D’un autre côté, les étudiants se sont rendu compte qu’ils ne menaient pas le même combat que les professeurs et qu’ils étaient même manipulés par ceux-ci. Bien sûr, parmi les étudiants en grève, il y en a qui se mobilisent pour les mêmes raisons qu’en 2008, à savoir d’exiger le maintient des frais de scolarité, d’obtenir un financement adéquat et d’empêcher la privatisation. Toutefois, je pense que la majorité des étudiants s’étaient mobilisés également et surtout pour appuyer les professeurs. Maintenant que l’une des deux raisons ne tient plus et qu’ils se retrouvent fins seuls pour la seconde, seront-ils encore prêts à sacrifier leur session ?
Personnellement, je ne peux pas me permettre une importante prolongation de la session. Mes ridicules versements en prêts gouvernementaux sont terminés, un étirement de la session n’y changeant strictement rien. Il me reste encore des prestations d’assurance-emploi à recevoir, mais aucune d’elles ne me sera verser tant que je serai aux études, car je serais évidemment indisponible au travail. Enfin, il est difficile dans mon patelin de se trouver un emploi à temps partiel qui se conjuguerait bien avec mon étrange horaire scolaire.
Je ne souhaite pas que les professeurs fassent une entorse à leurs valeurs et principes pour revenir en classe. Je souhaite encore moins que le gouvernement adopte une loi spéciale (ils évitent hypocritement d’employer ce terme) pour forcer leur retour au travail. Advenant une poursuite de la grève par les professeurs, je préfèrerais qu’on annule leurs cours plutôt que de prolonger la session, à moins que la négociation des critères de validation de la session ne permette une prolongation « écourtée ». Malheureusement, seule la loi spéciale, forçant le retour au travail pour le 19 avril, semble pouvoir permettre cette éventualité.

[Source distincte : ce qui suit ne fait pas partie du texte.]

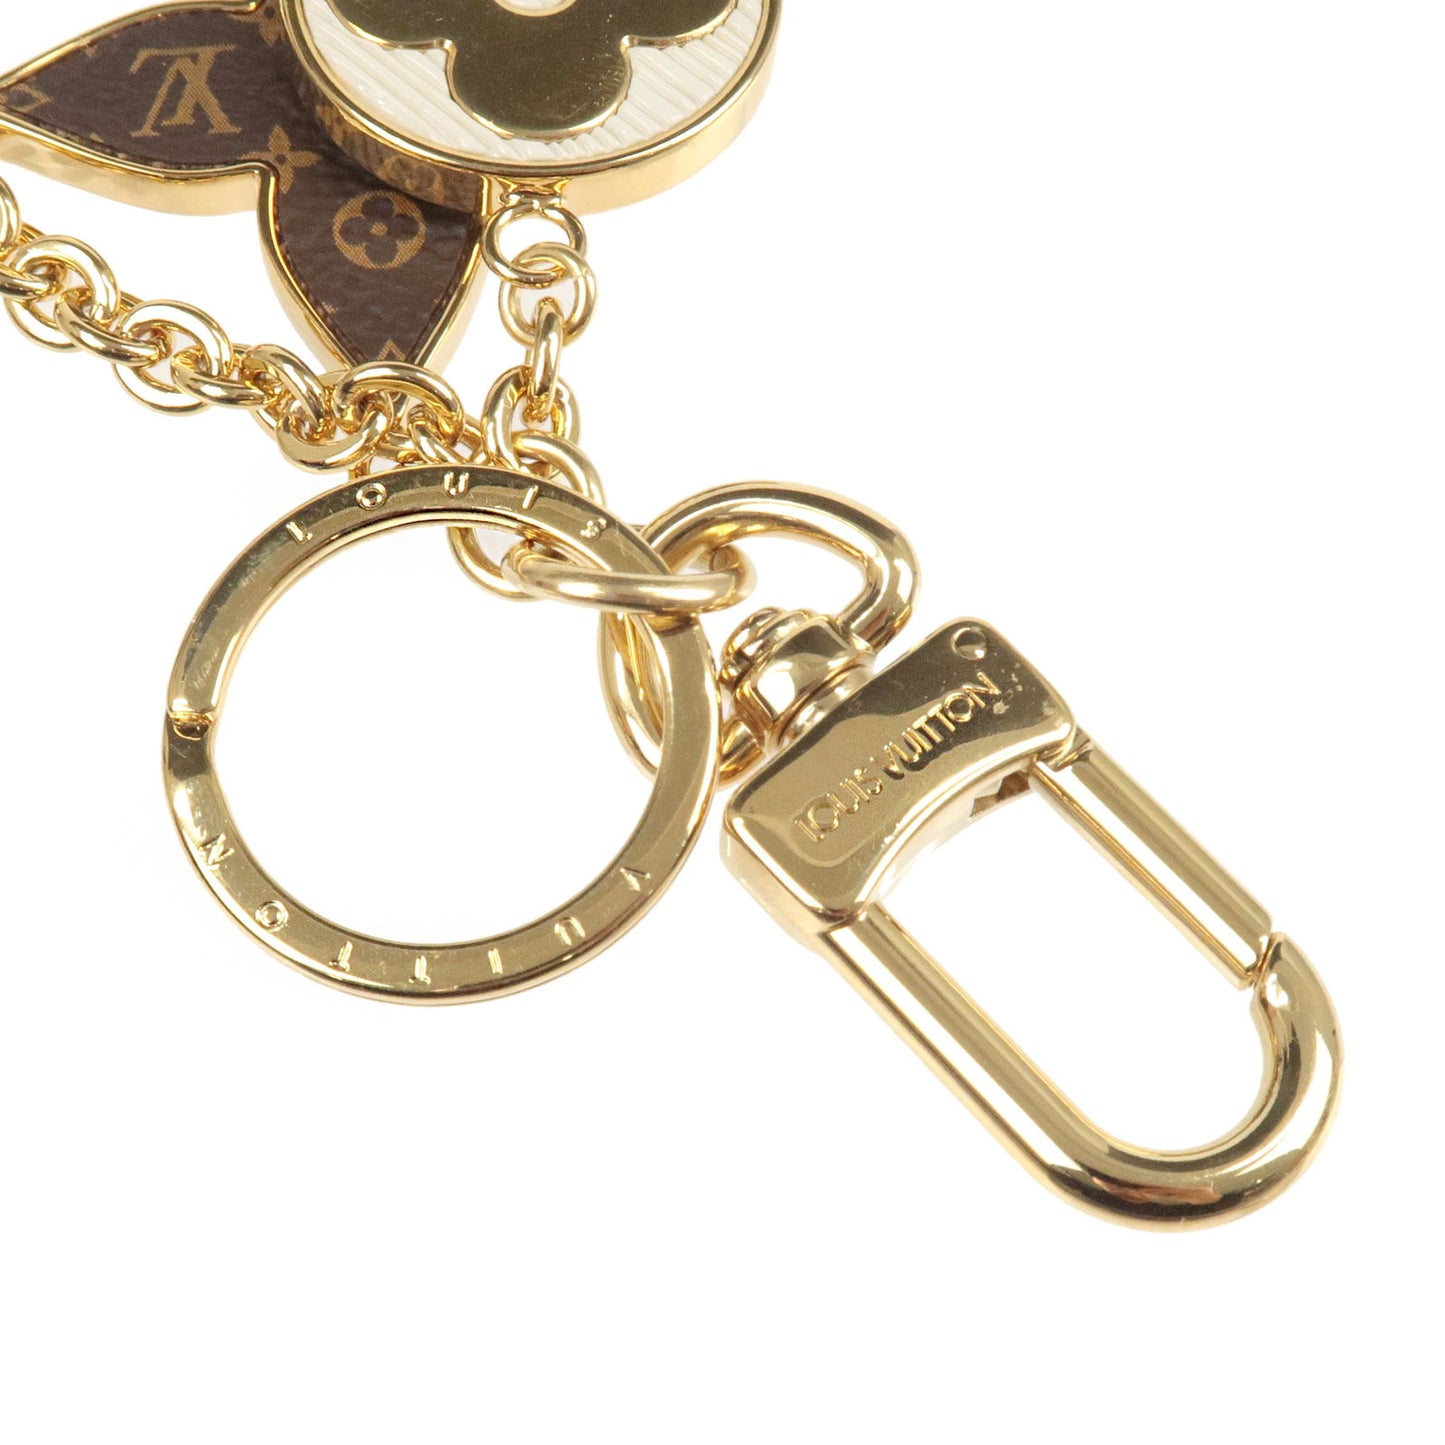 Louis Vuitton Portocle Spring Street Bag Charm Gold M69008

Dans mon cas, un reprise, non perturbée par les professeurs, des cours donnés par les chargés de cours serait suffisant, même si l’administration devant invalider ceux dispensés par le corps professoral. Cette situation serait cependant problématique, voire inacceptable, par plusieurs autres étudiants pour qui les professeurs représentent la majorité des enseignants.
L’idéal serait un retour au travail jovial permis par une entente satisfaisante pour tous, et ce avant l’ultimatum des dix jours imposés par la ministre Courchesne. On peut toujours rêver !
(Photo: Émilie Tournevache)







Une prolongation écourtée? C’est quoi ça?
Accent Grave
Pour le moment, il est prévu que chaque heure de cours doit être reprise. Les conditions de validation de la session restent néanmoins à être négociées. Ainsi, peut-être que le corps professoral et l’administration arriveront à une entente permettant de terminer plus rapidement la session que ce qui est actuellement prévu.